This week, South Dakota unveiled a new anti-drug campaign — featuring the slogans ”Meth. We’re On It” and ”Meth. I’m On It”— that left most of the internet confused as to whether it was a joke or an actual public service announcement.
Despite the widely-mocked rollout, the campaign underscores an important trend that has been bubbling under the radar: Meth has made a big comeback.
“Methamphetamine is a huge problem. It's a much larger problem than opioids in South Dakota and the Midwest,” Jeffrey Stamm, current executive director of the Midwest High Intensity Drug Trafficking Area, which is part of the Office of National Drug Control Policy (ONDCP), told Yahoo Finance. “So there's a reason for the ad campaign, and I certainly applaud their efforts. I think, obviously, the elephant in the room is whether that's an effective campaign or not.”
Asked about the ad campaign, Stamm sympathized, saying that “they're trying to raise public awareness. But I think the message is so nebulous that the power is lost on the citizens.”
South Dakota Governor Kristi Noem, who is spearheading the ad campaign, believes that her effort is at the very least constructive.
“South Dakota’s anti-meth campaign launch is sparking conversations around the state and the country. The mission of the campaign is to raise awareness – to get people talking about how they can be part of the solution and not just the problem. It is working,” Noem said in a statement to Yahoo Finance. “Through this campaign, we hope to emphasize that this is an issue that affects all of us… This isn’t just someone else’s problem. It’s OUR problem.”
Pure, potent, and problematic
According to Stamm’s office, out of all illicit drugs on the streets — opioids, cocaine, and so on — methamphetamine poses the greatest threat because of how easily available it is and how potent it’s becoming.
The volume of meth that’s being pumped through the southern border by Mexican cartels has increased exponentially, seizure stats from the U.S. Customs and Border Protection suggest, while the purity of the product has been drastically improved as well — in some cases, going up to 98%.
“We are dealing with a very, very complex public health and national security crisis that we've never seen in this country, in regards to the drug trafficking and the types of drugs that are getting into the communities of America,” Derek Maltz, former head of the DEA’s Special Operations Division, told Yahoo Finance. “Methamphetamine is exploding all over America, not just South Dakota. Methamphetamine is being produced in the ton quantities in very large-scale laboratories by the Mexican cartels.”

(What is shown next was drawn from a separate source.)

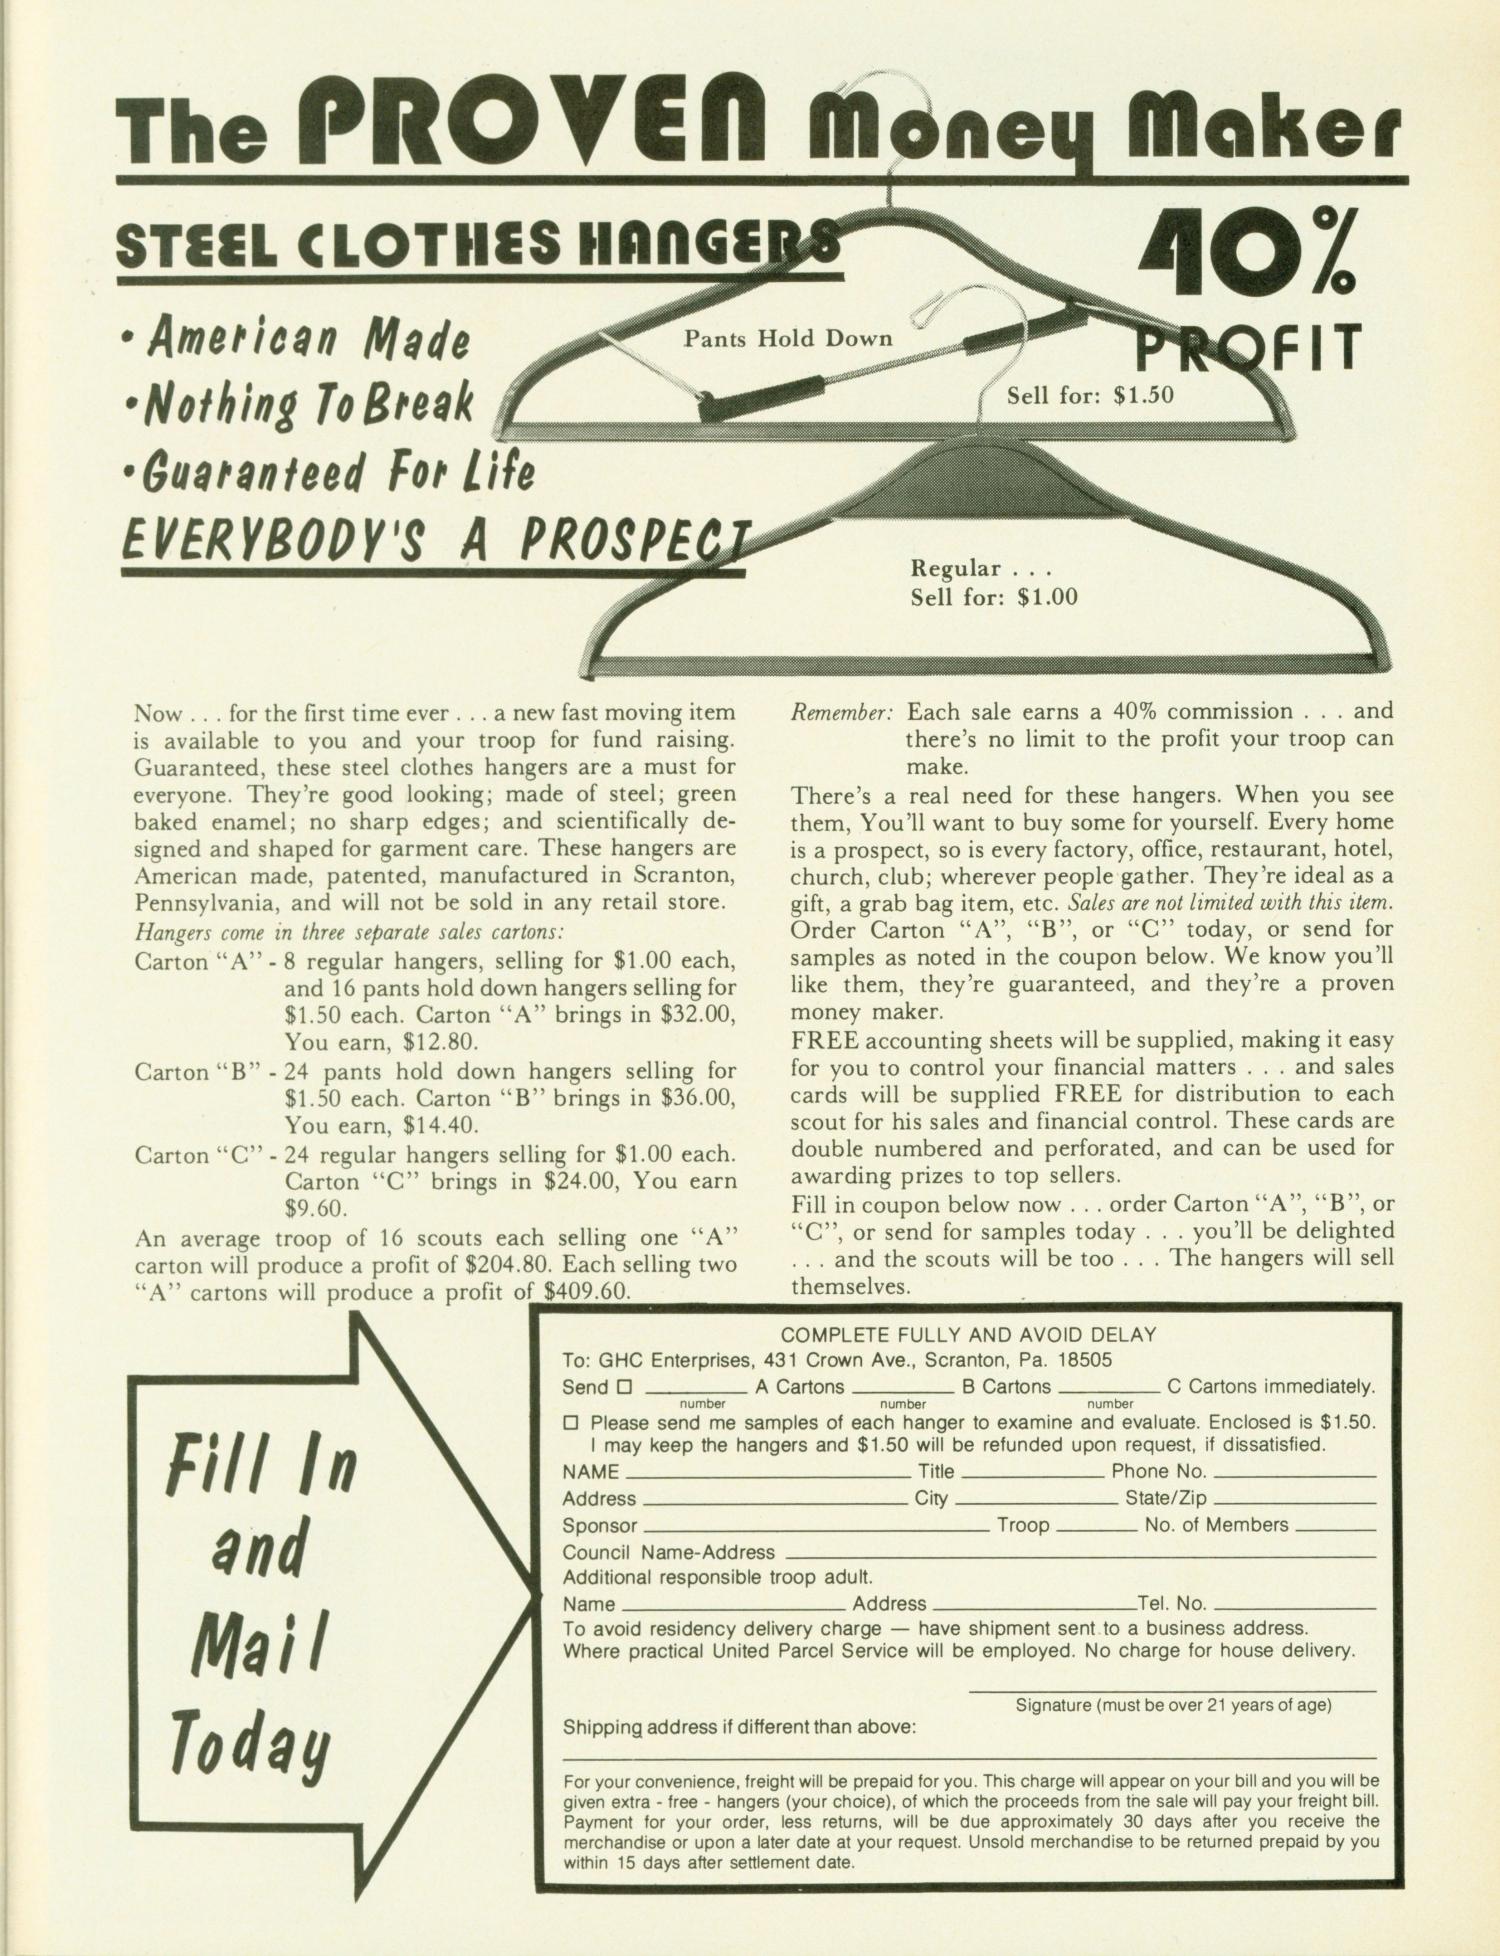 Scouting, Volume 64, Number 2, March-April 1976
                                                
                                                    21

Scott Stewart, vice president of Tactical Analysis for Stratfor, noted that there are “many more people pushing it than ever before. So there's a lot more competition… And so they're really kind of flooding the market with meth. So it's strong and it's pure. And there's a lot of it.”
The cartels are also constantly seeking out new markets, as far away as Australia, he added.
In America’s heartland, the most prevalent organizations that are engaged in drug trafficking are the Sinaloa cartel and the Jalisco New Generation Cartel, according to Stamm, and a gram of meth can cost between $25 and $200.
‘Drugs don't just find themselves here in South Dakota’
Meth also brings a level of violence involving production and trafficking, which is also a serious concern, Stamm added. Law enforcement officials across the U.S. believe that meth is the most associated with violent crime. From his experience, Stamm, who is also a former Special Agent with the Drug Enforcement Agency (DEA), noted a correlation between higher levels of drug trafficking and an increase in crime — from property crime to violent crime to even increasing gang activity.
“Drugs don't just find themselves here in South Dakota,” Stamm stressed. “They are trafficked here, especially by violent and predatory Mexican drug cartels that control meth trafficking across the USA today.”
The statement from South Dakota Governor Noem added: “I am confident South Dakota can lead the country in this effort and demonstrate ways we can aggressively combat addiction and spark opportunities for recovery.”
Drug seizures escalate
And despite the rocky ad campaign, the underlying message that the state was trying to get out was one of genuine concern.
“I think it is a little goofy. Don't get me wrong,” Maltz said about the ad. But “I praise the governor for the bold leadership… this particular initiative was based on a very serious, dire situation where all these young kids are getting addicted to meth. So the governor took a very aggressive, very innovative, bold way of raising awareness in not only the State of South Dakota, but the entire country.”
Addressing the fact that the government spent nearly $450,000 on the campaign, he added: “It seems like a hell of a lot of money to charge a very small state. But if you're going to save one life, it's worth investing the money because right now, we have this overwhelming crisis that’s just not getting dealt with properly.”
According to the South Dakota governor, the meth problem has grown tenfold: In 2011, 4,300 grams of meth were seized from 402 arrests. In 2018, they seized nearly 40,000 grams from more than 3,300 arrests.